§ **How to complete this task**: Your copy should match the listing word for word, apart from the pictures, which are left out.

§ **Data below**:
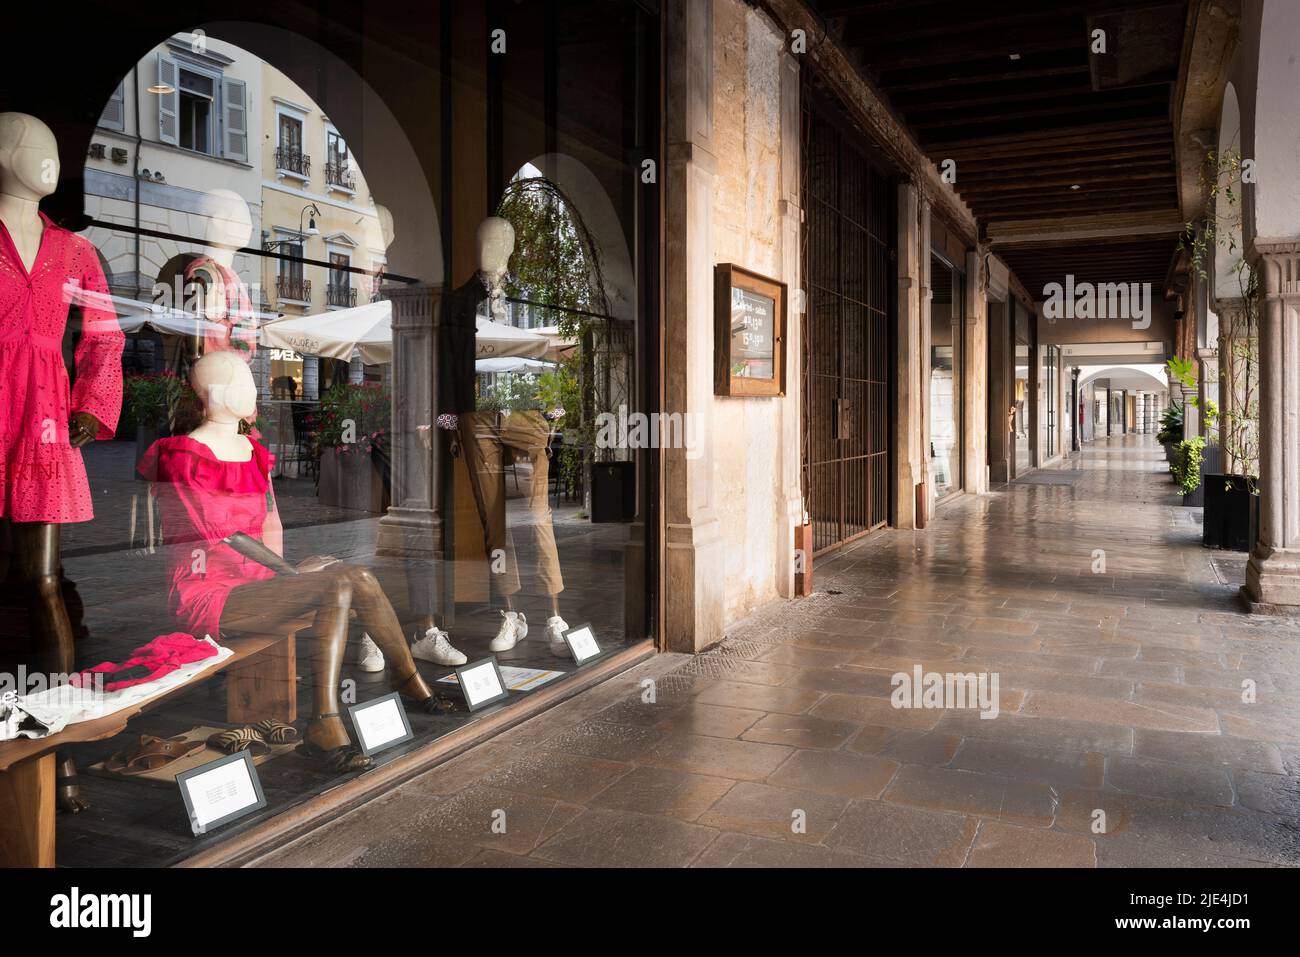 Vetrina di un negozio di moda sotto un portico. Tipica architettura e atmosfera classica italiana. Udine, Friuli Venezia Giulia, Italia. Foto Stock
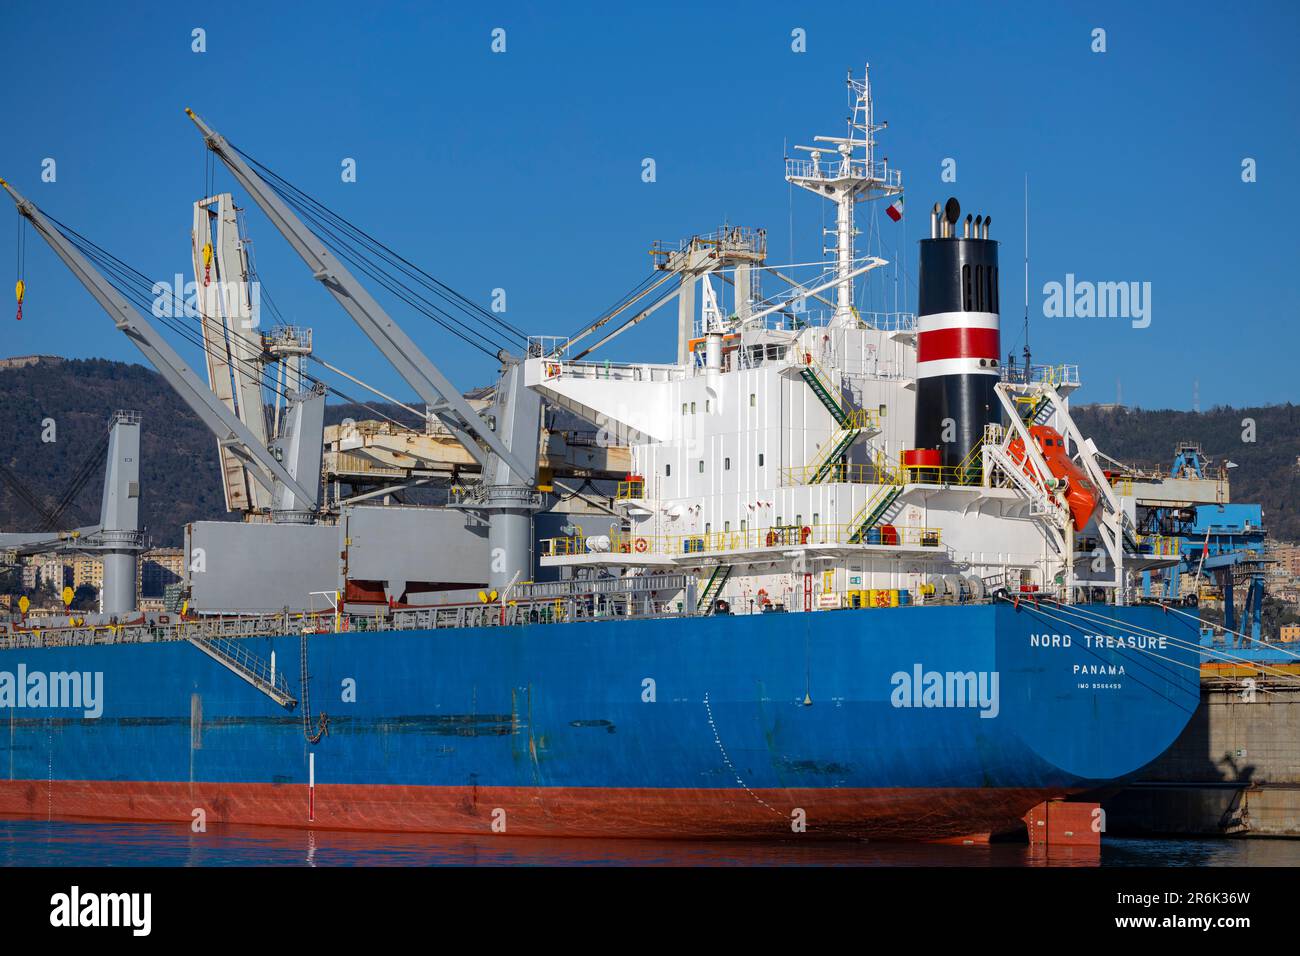 GENOA, ITALY, FEBRUARY 2, 2023 - The North Treasure industrial ship of Panama moored in the port of Genoa, Italy Stock Photo
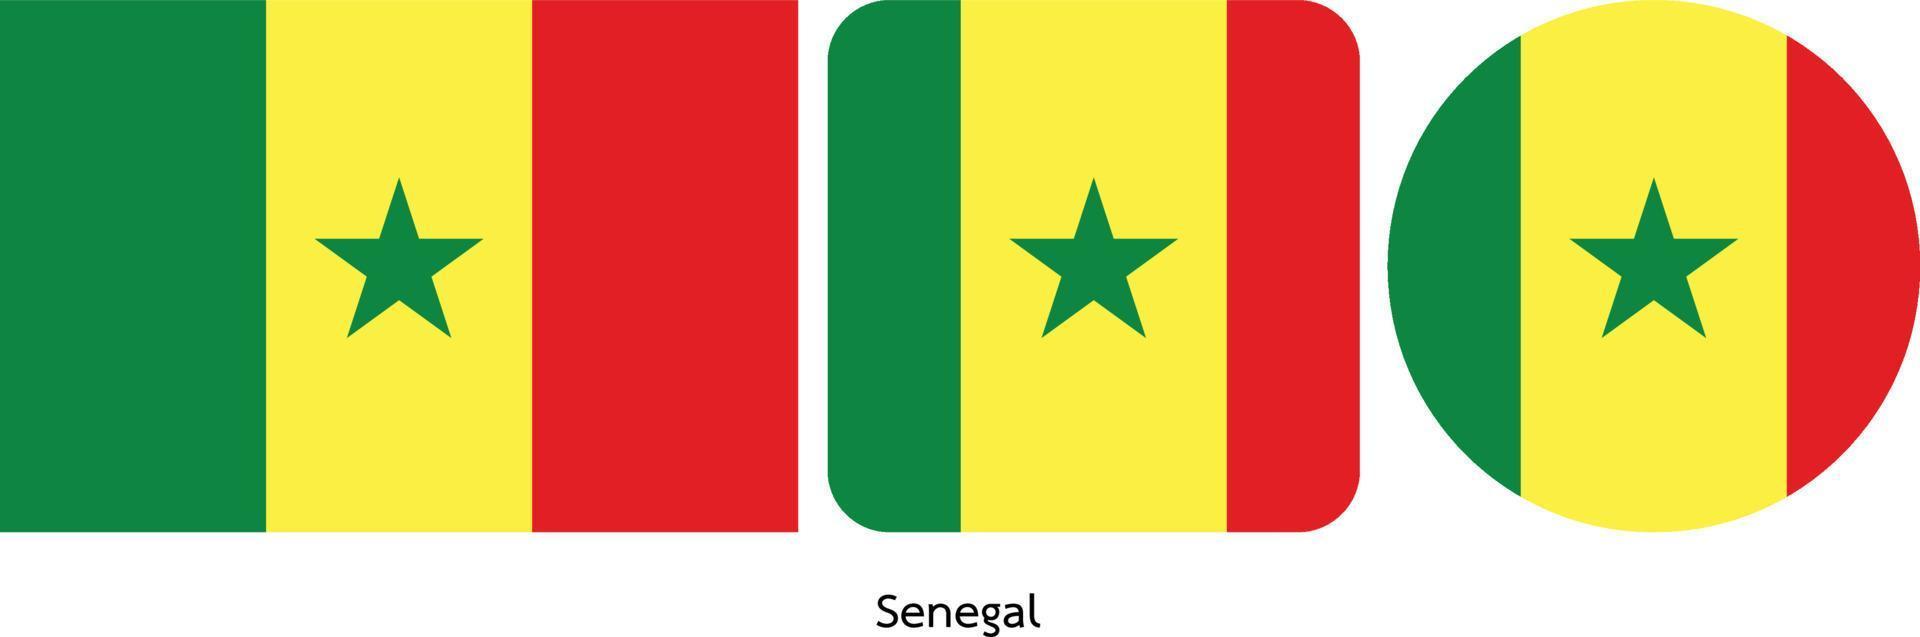 bandera de senegal, ilustración vectorial vector
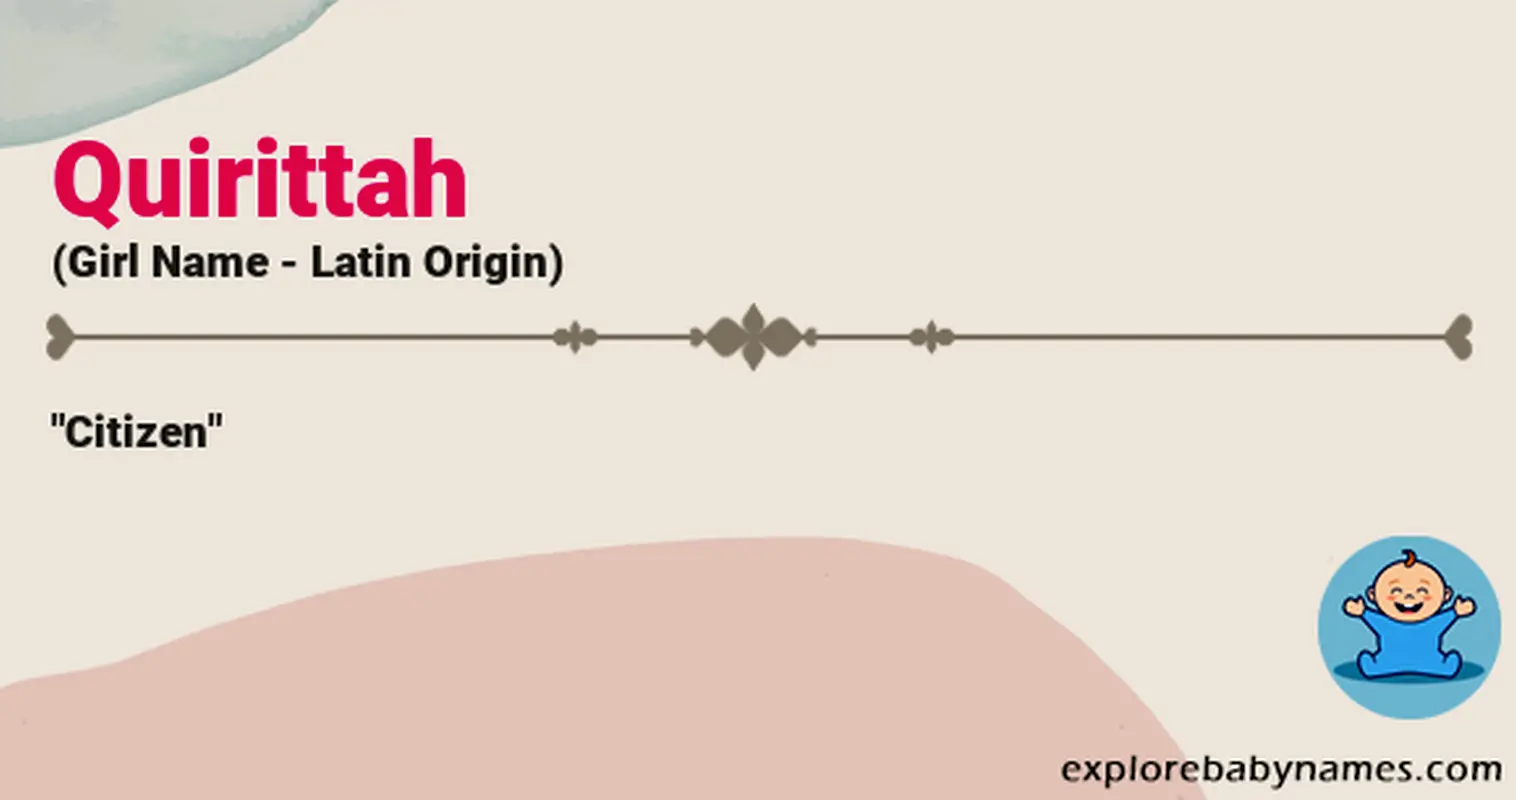 Meaning of Quirittah

§ **Solution below**:
 Vetrina di un negozio di moda sotto un portico. Tipica architettura e atmosfera classica italiana. Udine, Friuli Venezia Giulia, Italia. Foto Stock
 GENOA, ITALY, FEBRUARY 2, 2023 - The North Treasure industrial ship of Panama moored in the port of Genoa, Italy Stock Photo
 bandera de senegal, ilustración vectorial vector
 Meaning of Quirittah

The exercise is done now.